For further information or to download the part of the book that is written, go to the download page. What is algebraic number theory. A number ﬁeld K is a ﬁnite algebraic extension of the rational numbers Q.

Every such extension can be represented as all polynomials in an algebraic number α: K = Q(α) = (Xm n=0 anα n: a n ∈ Q). Here α is a root of a polynomial with coeﬃcients in Size: KB. Thomason, Algebraic K-theory and étale cohomology, Ann.

Sci. Ecole Norm. Sup. 18 (4),pp. – Yevsey Nisnevich, The completely decomposed topology on schemes and associated descent spectral sequences in algebraic K-theory, Algebraic K-theory: connections with geometry and topology,pp AN INTRODUCTION TO ALGEBRAIC K-THEORY 3 Example.

The ring of algebraic integers of Q[−5] is√ Z[√ −5]. Here Cl(Z[√ −5]) = Z/2, admitting the ideal (3,2+ √ −5) as generator. The class group of the ring of integers Z[ξ p] of the cyclotomic number ﬁeld Q[ξ p] (here pis an.

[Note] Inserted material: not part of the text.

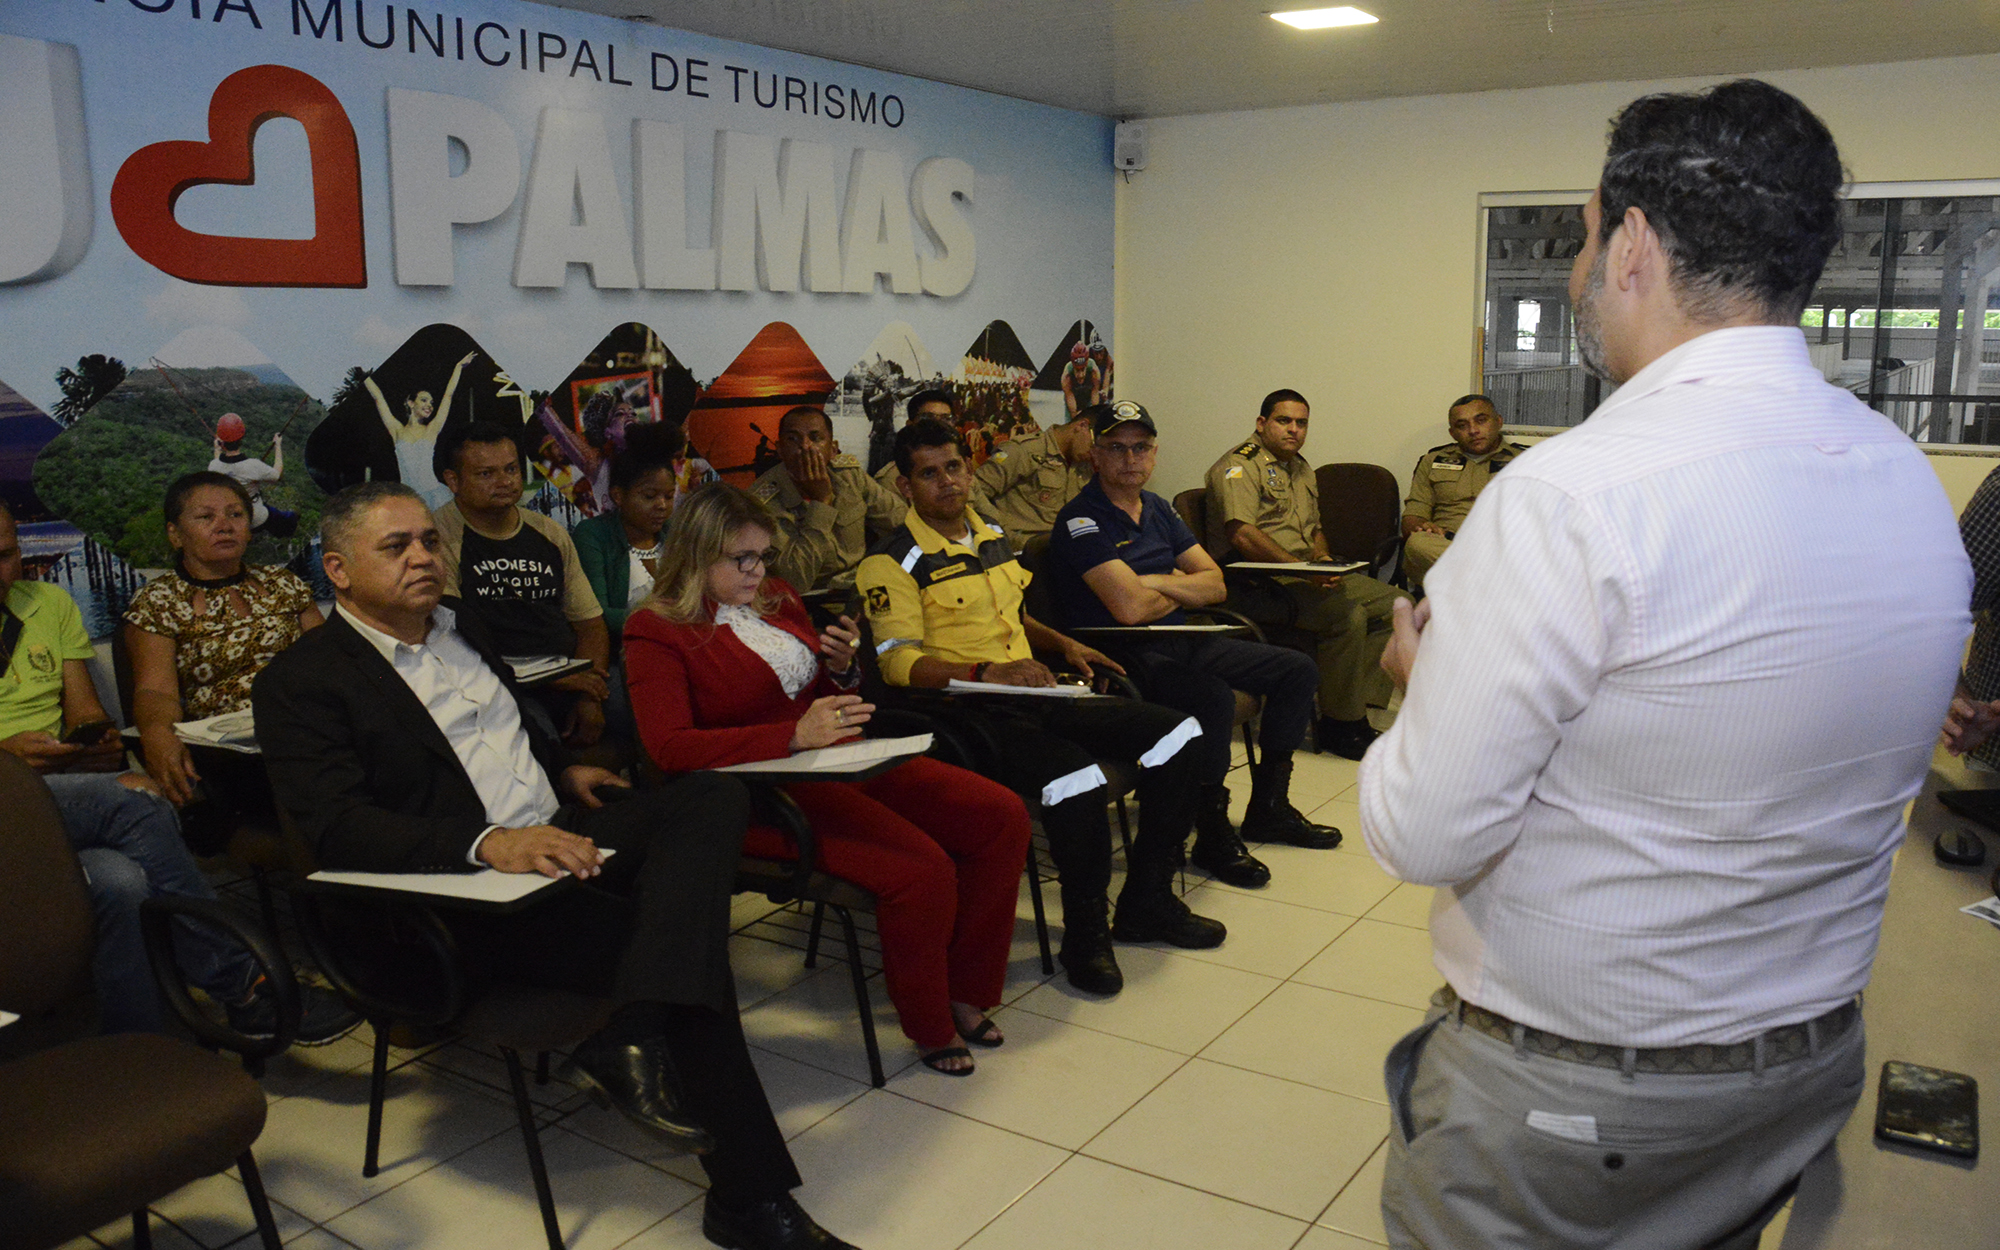 Carnaval 2020: Forças de segurança de Palmas se reúnem para garantir segurança nos eventos
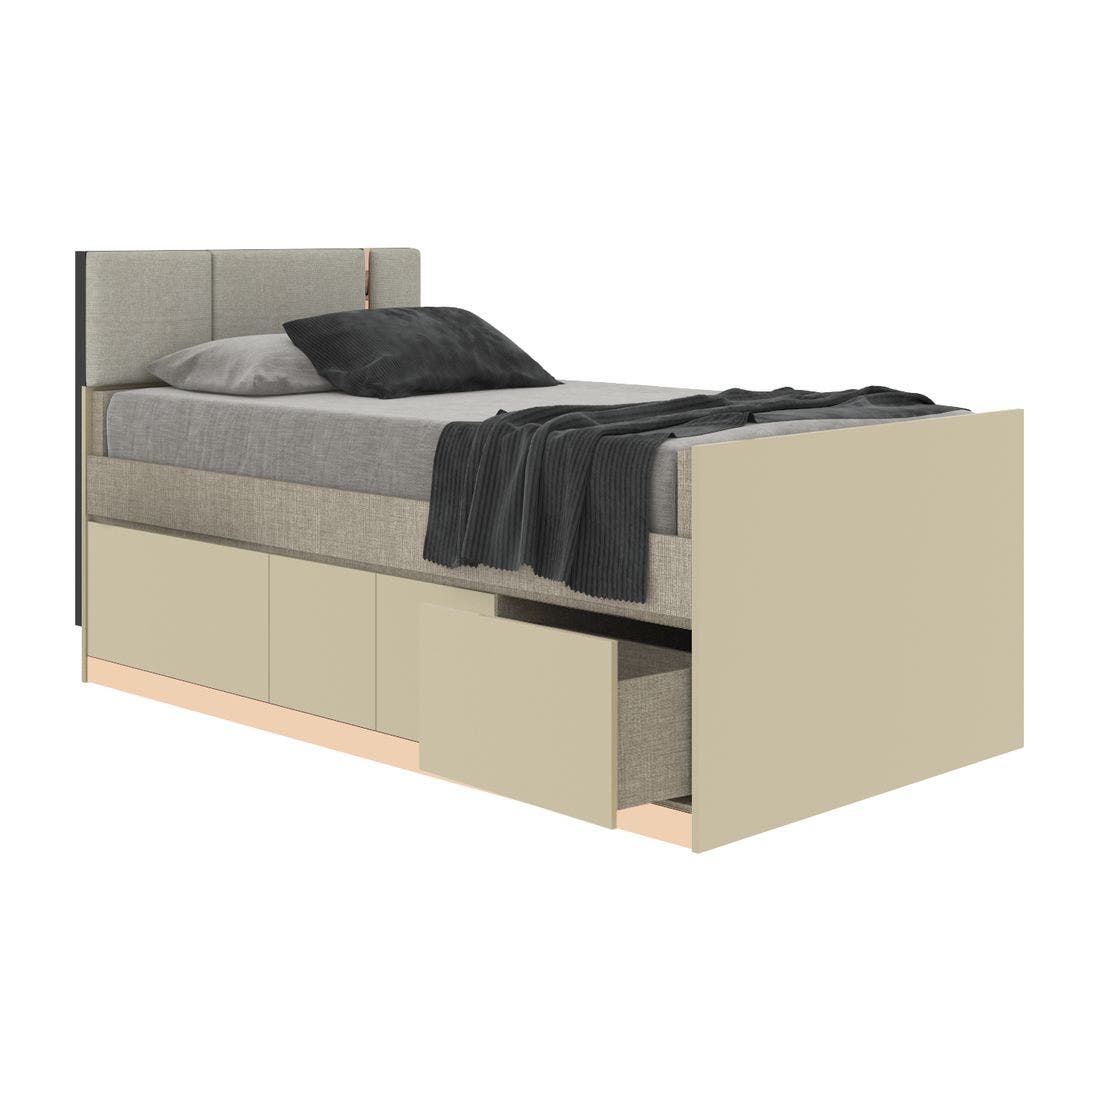 19203932-blisz-furniture-bedroom-furniture-beds-06

Algebraic K-theory is a modern branch of algebra which has many important applications in fundamental areas of mathematics connected with algebra, topology, algebraic geometry, functional analysis and algebraic number theory.

Methods of algebraic K-theory are actively used in algebra and related fields, achieving interesting : Hvedri Inassaridze. An Algebraic Introduction to K-Theory This book is an introduction to K-theory and a text in algebra. These two roles are entirely compatible.

On the one hand, nothing more than the basic algebra of groups, rings, and modules is needed to explain the classical algebraic K-theory. On the other. Algebraic K-Theory and Its Applications,Jonathan Rosenberg. Algebraic Number Theory,Serge Lang. Algebraic Number Theory,Serge Lang.

Algebraic Theories,Ernest G. Manes. Algebraic Topology,William Author: Kevin de Asis. I am mainly interested in homotopy theory, combinatorics(of any kind, with special interest in anything reflection group/Coxeter-related),theoretical computer science and algebraic geometry.

I still have a lot to learn and the blog is essentially reflective of my developing mathematical knowledge.Seminar on Algebraic K-theory and Algebraic Number Theory ( East-Weat Center) Algebraic K-theory and algebraic number theory: proceedings of a seminar held January, with support from the National Science Foundation and Japan Society for the Promotion of Science/Michael R.

Stein and R. Keith Dennis. editors. p. Size: 1MB.Algebraic K-theory plays an important role in many areas of modern mathematics: most notably algebraic topology, number theory, and algebraic geometry, but even including operator theory. The broad range of these topics has tended to give the subject an aura of inapproachability.